Nor does E2 suggest or teach orientation in dependence on climatic conditions. Paragraphs [0004] and [0035] merely indicate that the cages can be accessed even when stacked, suggesting that the doors are oriented on the same side of the stack, see also figure 4. How the stacks are oriented in transport, whether with the doors of adjacent stacks oriented towards each other (inwardly) or outwardly is not indicated in E2, much less that this might depend on, say, weather or temperature.

Concerning E3, this document does not mention climatic conditions at all. Aeration openings are described only with regard to their basic purpose of increasing air flow (claim 3). Here it can be inferred from figures 9 to 14 that for transport the units are placed side by side with their doors facing each other, i.e. oriented inwardly. There is no suggestion that this is only the case when climatic conditions so allow. Rather, this appears to be the standard arrangement, i.e. is always the case irrespective of outside conditions. Thus, E3 does not contemplate the use of the door to shield the animals from adverse climatic conditions. There is thus also no disclosure in E2 and E3, explicit or implicit, which might lead a person skilled in the art to the idea to close one of the lateral walls of the drawer like cages of the transport unit according to E1 in order to selectively provide protection against adverse environmental influences like low temperatures, if required.

4.3.4 The Board agrees with the Respondent-Opponent that covering or sheltering transport units of E1 during adverse cold climatic conditions would be an obvious approach based on common general knowledge for solving the objective problem. Most obviously, this could be done by means of a tarpaulin fixed to transport units stacked on a truck deck. The skilled person might even as a matter of obviousness contemplate the use of cover plates removeably attached to the outside of a unit exposed to the environment.

However, these obvious measures employing additional means (tarpaulin or removable cover) do not require any change to the drawers themselves. Permanently modifying the drawer by replacing a lateral wall with aeration openings by a substantially closed lateral wall represents a rather different approach which by selective orientation of the drawer in response to outside conditions removes the need for any additional means.
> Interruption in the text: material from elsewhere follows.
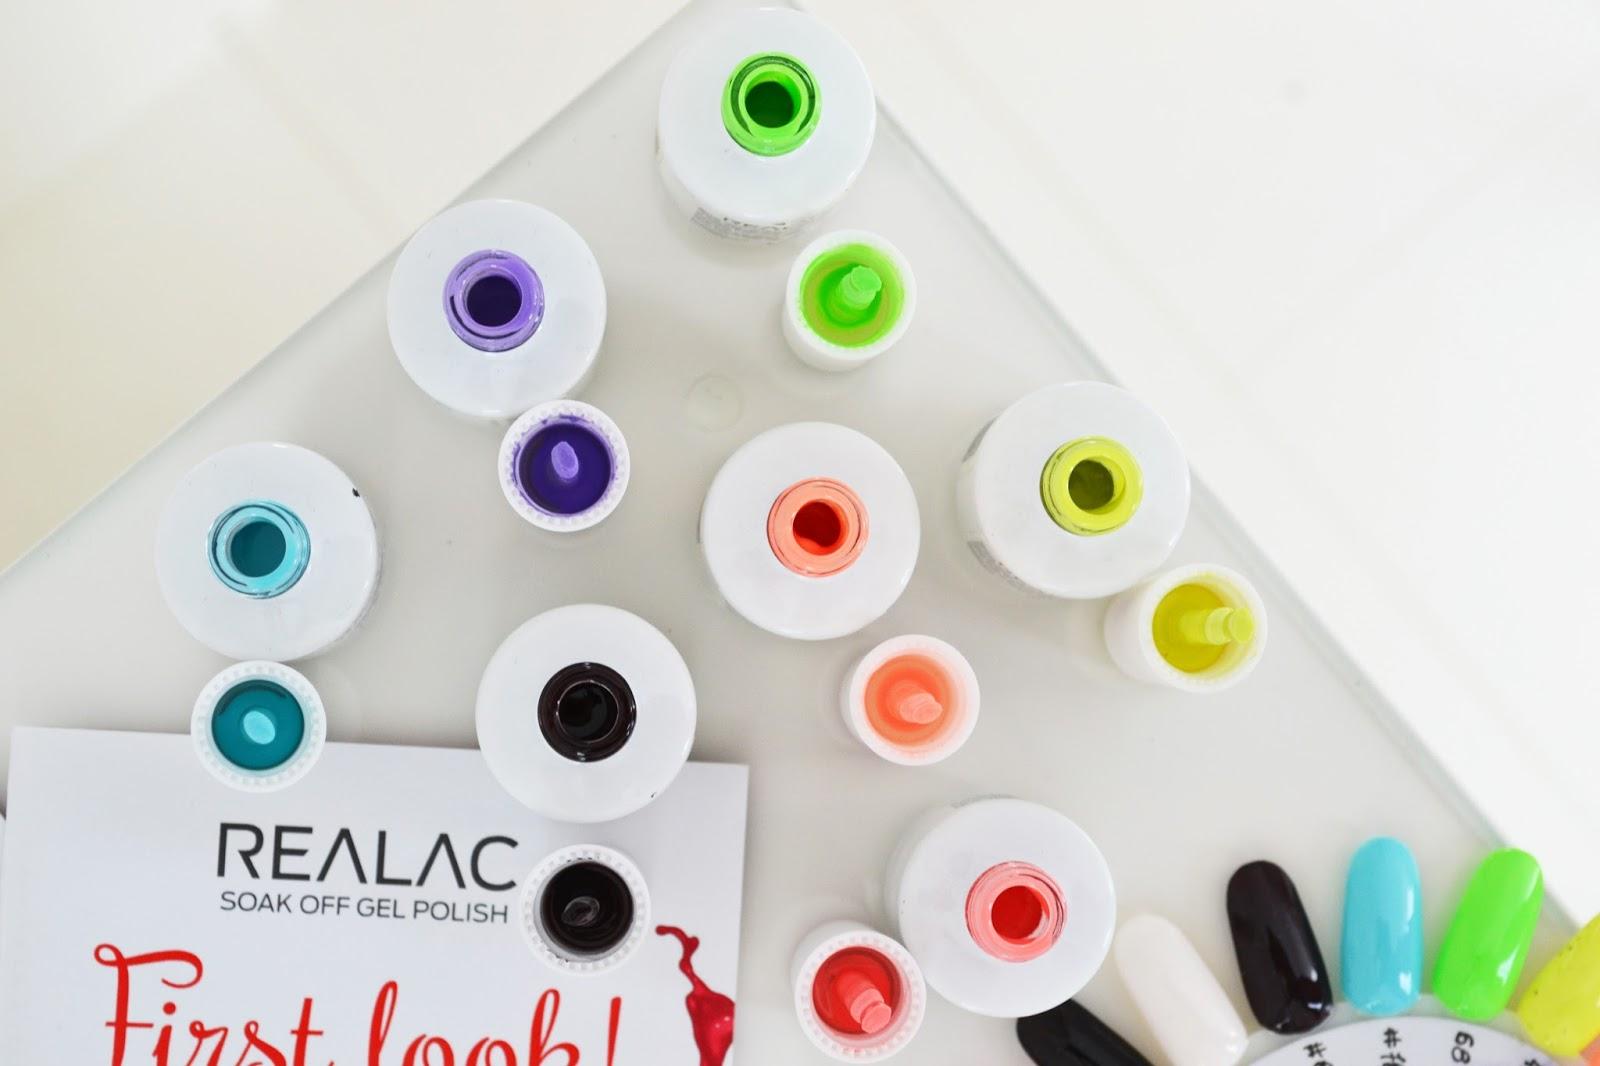 REALAC - LAKIERY HYBRYDOWE
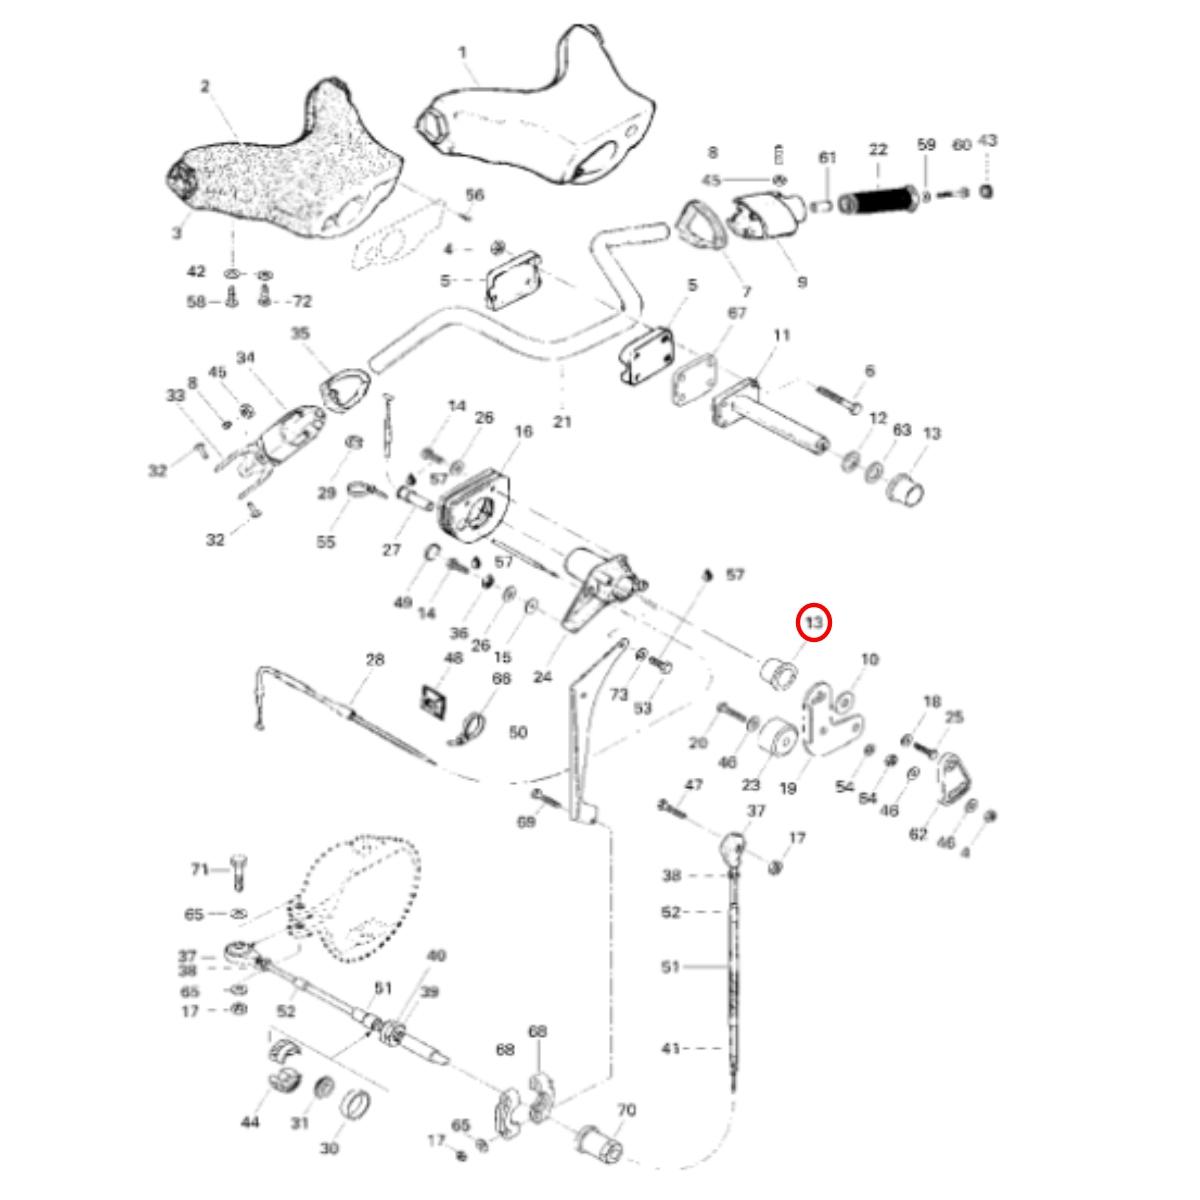 Bucha Guidão Jet Ski Sea Doo GT/SP/GTI/GTS  - Radical Peças - Peças para Jet Ski

As such it offers a flexibly adaptive, self contained solution to the problem of transport in varying climatic conditions, which - in contrast to the above obvious measures - the Board does not consider to be a straightforward option for a person skilled in the art.

4.4 For the above reasons, the Board concludes that the subject-matter of claim 1 involves an inventive step in the sense of Article 56 EPC over the cited prior art and general knowledge of a person skilled in the art.

5. Since none of the the grounds for opposition according to Articles 100b) and 100a) in combination with 56 EPC prejudice the maintenance of the patent as granted, the opposition must be rejected and the patent thus maintained as granted, Article 101(2) EPC.

Order

For these reasons it is decided that:

1. The decision under appeal is set aside.

2. The patent is maintained as granted.